If anything, it appears that Porteus and his team, like a group of miners trapped in a cave looking through a tiny peephole of light, have braved a dire situation and didn’t give up.

To dig out of this hole, Porteus brought along several former Graphite Bio members, notably scientific advisory board member and fellow Stanford professor Maria Grazia Roncarolo, MD, as a co-founder. Roncarolo led the first stem cell-based gene therapy trial for patients with adenosine deaminase-severe combined immunodeficiency, which led to the European Commission’s approval. The therapy was licensed to GlaxoSmithKline and is marketed as Strimvelis, making it the first commercially approved ex vivo gene therapy in Europe. In addition to Roncarolo, Graphite’s CSO Jane Grogan, PhD, and CTO Jerry Cacia will serve as strategic advisors to Kamau.
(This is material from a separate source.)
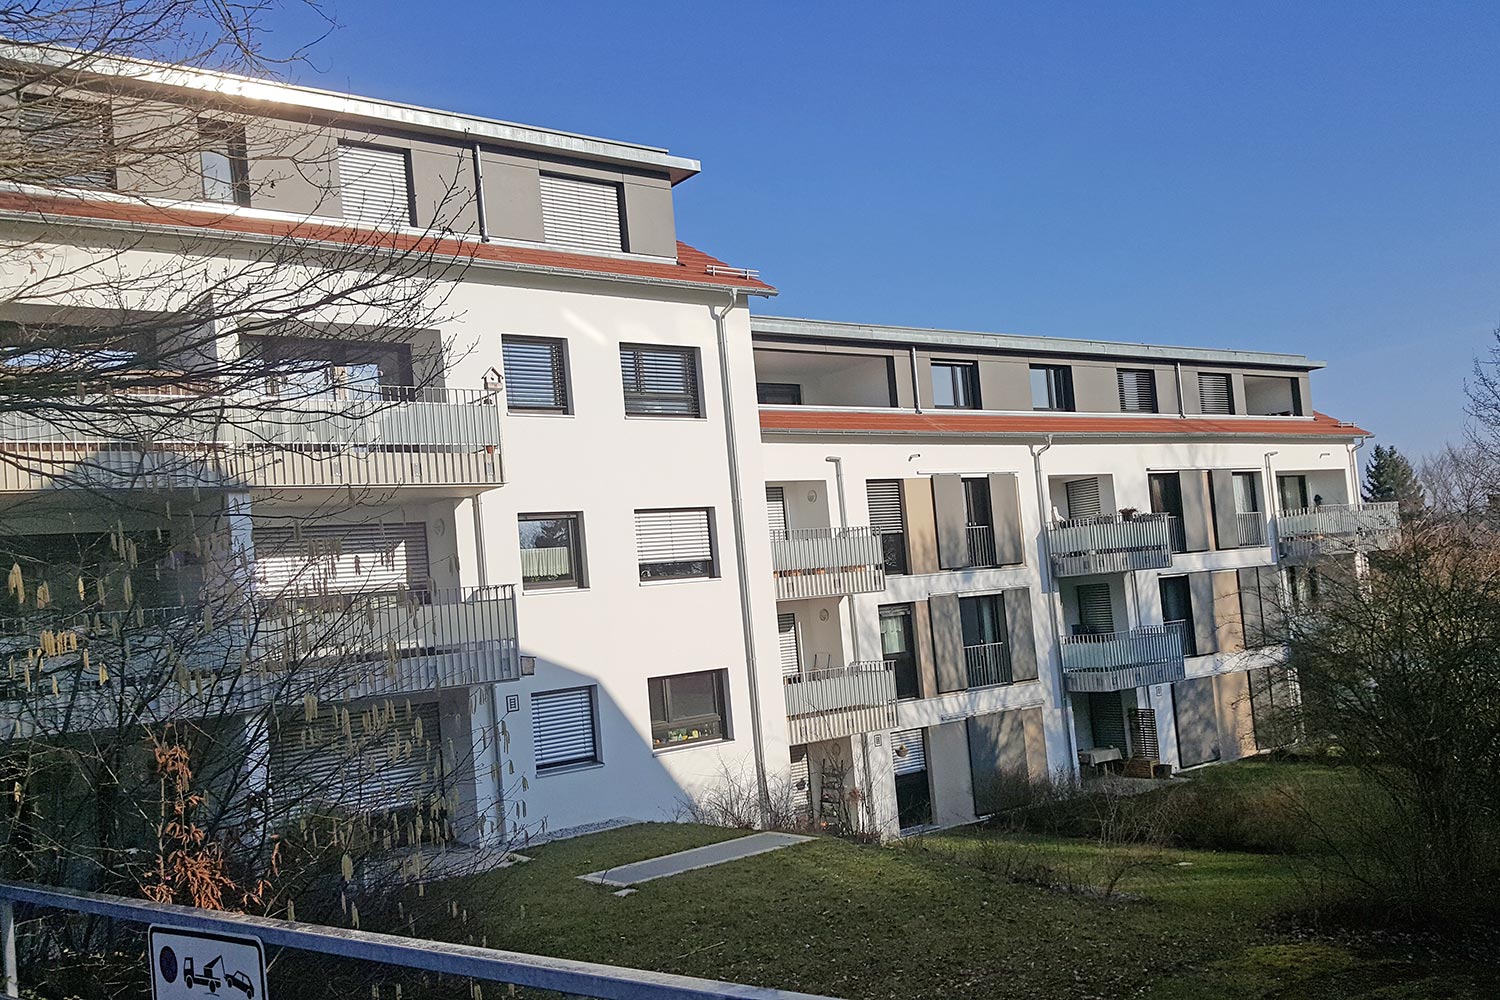 Holzrahmenbau | LEINS HOLZBAU in Bietenhausen / Rangendingen | Zimmerei und Innenausbau

The team at Kamau stated that they are implementing improvements in cell manufacturing to shorten the duration of transfusion needs and increase the level of gene correction of engrafted cells. And they’re gearing up to get the show on the road again, as they have plans in place to treat the next patients with an improved nula-cel product.

However, KMAU-001 and Porteus are still very much at the starting line and, as last week’s events indicate, now lag several years behind the leaders in the SCD gene therapy field. And important questions remain regarding the first patient. While her quality of life has improved, and she has not experienced any pain crises since her therapy (having reported about five vaso-occlusive episodes (VOEs) a year before joining the study), she has “not reached a steady state” yet.

Nevertheless, Porteus is back in action, and hopefully, SCD patients will benefit from Kamau’s commitment to persevere with another therapeutic approach in the field of CRISPR-based genetic medicines.